Proskauer’s Perspective

TR 2011-04 contains many helpful rules and clear constraints as to how MLR rebates may be used by fully-insured ERISA group health plans.  Nevertheless, there are still many decisions that plan sponsors and fiduciaries have to make to ensure that they are acting prudently and impartially and for the exclusive benefit of plan participants and beneficiaries. 


To ensure compliance with requirements imposed by U.S. Treasury Regulations, Proskauer Rose LLP informs you that any U.S. tax advice contained in this communication (including any attachments) was not intended or written to be used, and cannot be used, for the purpose of (i) avoiding penalties under the Internal Revenue Code or (ii) promoting, marketing or recommending to another party any transaction or matter addressed herein.

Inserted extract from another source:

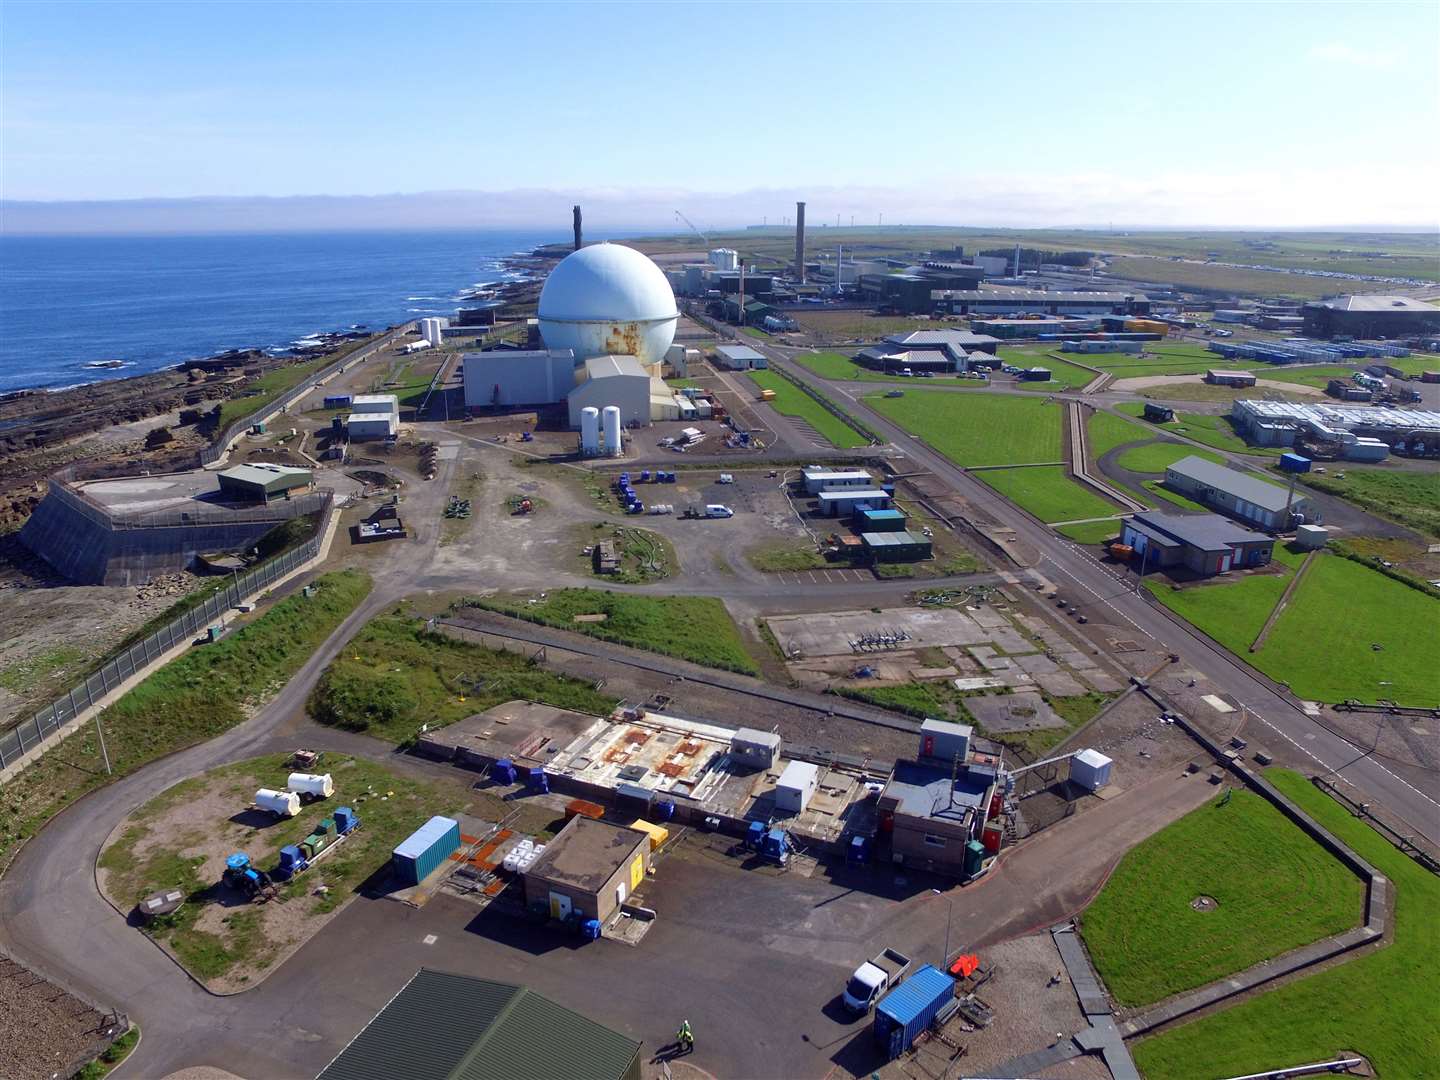 Dounreay provides funding for a range of projects in the surrounding area.

[1] The large group market is generally defined as employers who employ 101 or more employees; although, in some states, it is defined by state insurance law as employers who employ 51 or more employees.

[2] On March 1, 2013, the Department of Health and Human Services (HHS) issued a final rule that amends the MLR rule.  HHS adjusted the MLR calculation to include premium stabilization amounts, a change HHS stated will improve accuracy.  In future years, the final rule extends the annual MLR reporting deadline from June 1 to July 31 and the rebate disbursement deadline from August 1 to September 30, effective for the 2014 MLR reporting year, to allow the deadlines to be after all the premium stabilization payments and receipt amounts are determined.